Records for the exercise -
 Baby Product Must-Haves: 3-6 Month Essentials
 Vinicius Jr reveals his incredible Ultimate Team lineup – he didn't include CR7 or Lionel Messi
---
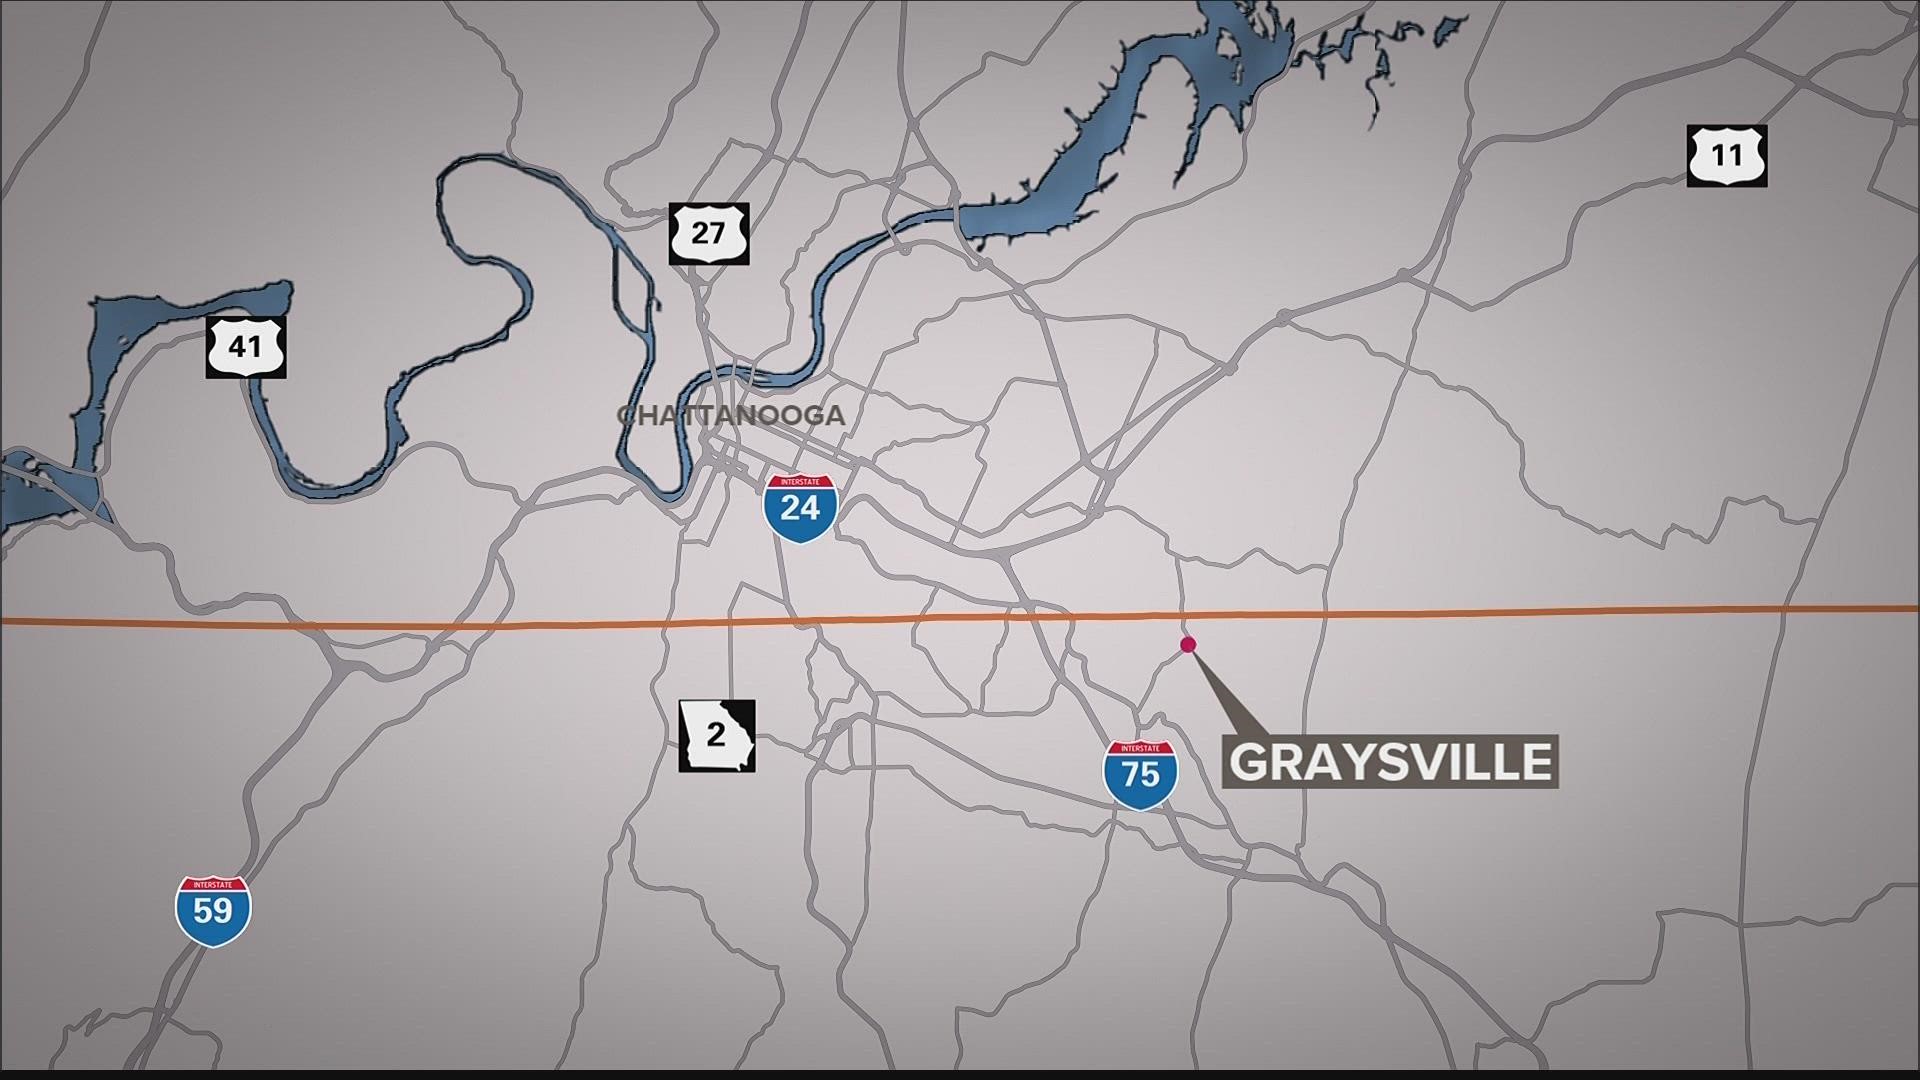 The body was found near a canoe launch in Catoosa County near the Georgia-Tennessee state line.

Directions -
Look back at the entries above. Retype the line with "Baby Product Must-Haves: 3-6", the line with "Vinicius Jr reveals", and all lines in between.

Result for this exercise -
 Baby Product Must-Haves: 3-6 Month Essentials
 Vinicius Jr reveals his incredible Ultimate Team lineup – he didn't include CR7 or Lionel Messi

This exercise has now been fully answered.